NLP bash oneliners for markov chain, uni/bi/tri-gram frequency etc.
Markov chain
cut -d ' ' -f 2
for unigram and cut -d ' ' -f 2,3
for bigram.
Trigram as default; use m () { read 1; echo $1 | cut -d ' ' -f1 | grep . && grep -io "$1\s.*" speeches.txt | cut -d ' ' -f2,3,4 | shuf -n 1 | m }; echo "nice" | m | tr '\n' ' '
nice to Christie but he really hit me today. Chris Christie.
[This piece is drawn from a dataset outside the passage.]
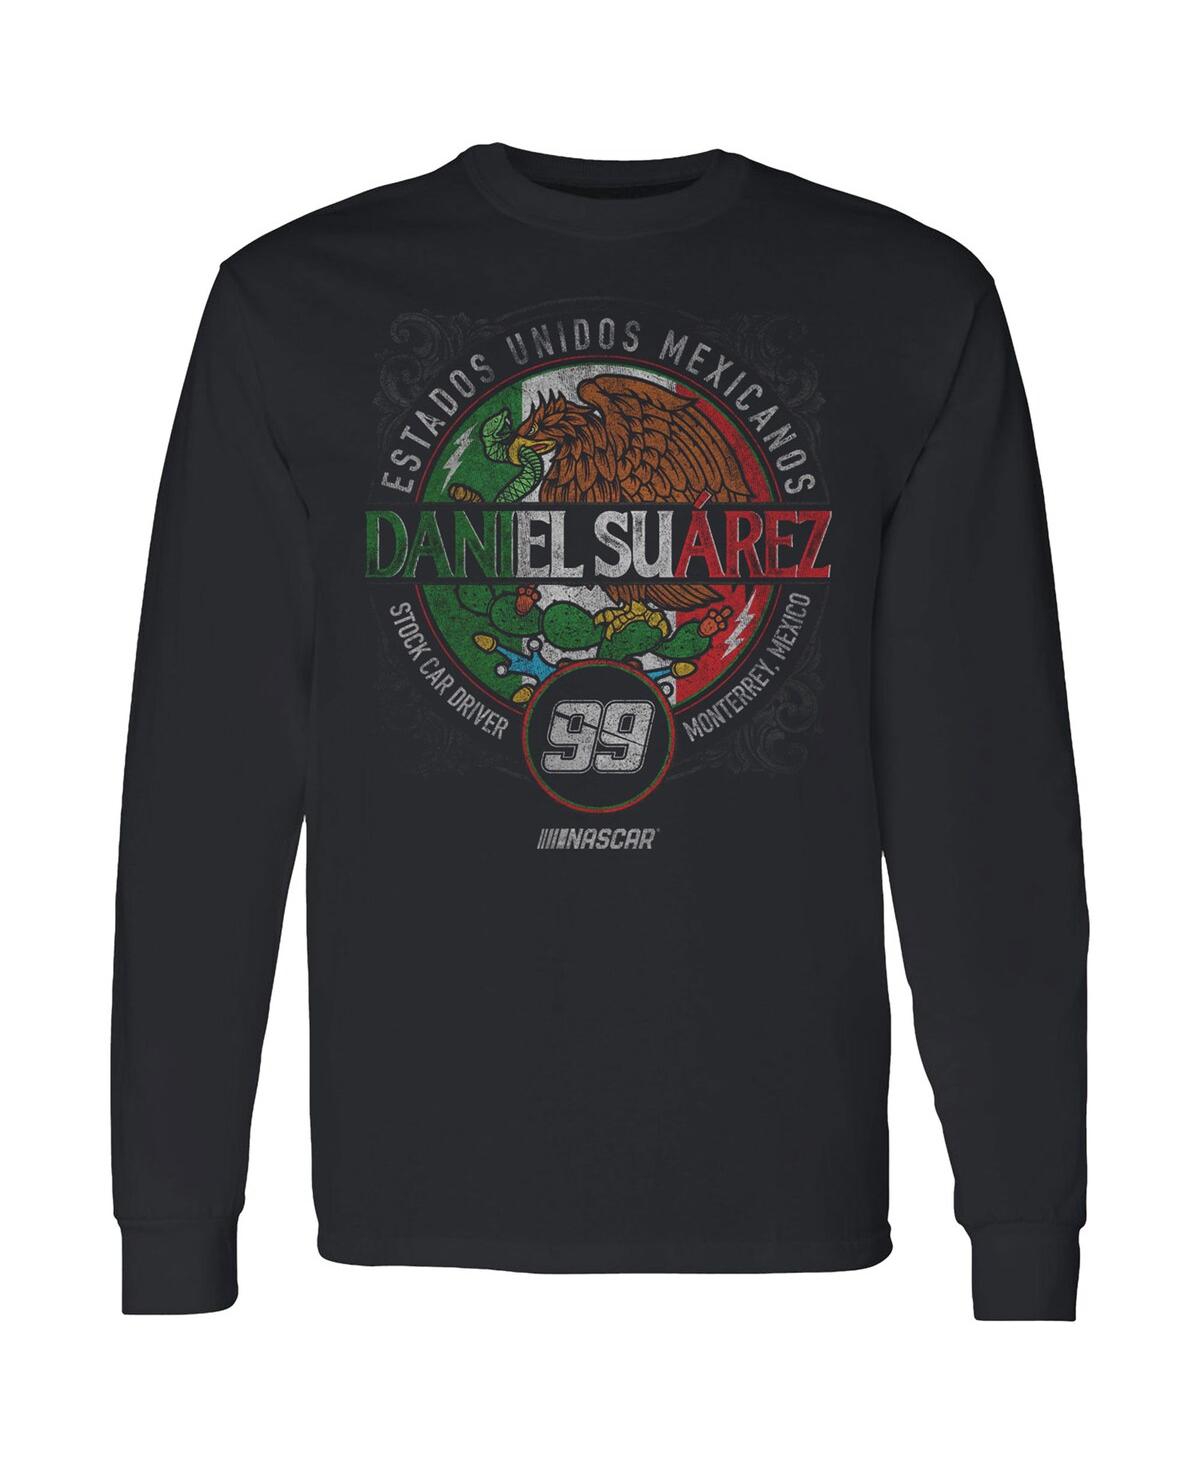 Shop Trackhouse Racing Team Collection Men's  Black Daniel Suarez Pancho Long Sleeve T-shirt

I mean, I made an unbelievable deal...
Term frequency
unigram
cat speeches.txt | awk '{for (i=1; i<NF; i++) print $i}' | sort | uniq -c | sort -rn | head
5178 the
5138 to
4794 I
...
bigram
cat speeches.txt | awk '{for (i=1; i<NF; i++) print $i, $(i+1)}' | sort | uniq -c | sort -rn | head
1744 going to
580 of the
556 to be
...
trigram
cat speeches.txt | awk '{for (i=1; i<NF; i++) print $i, $(i+1), $(i+2)}' | sort | uniq -c | sort -rn | head
296 going to be
277 we’re going to
265 We’re going to
...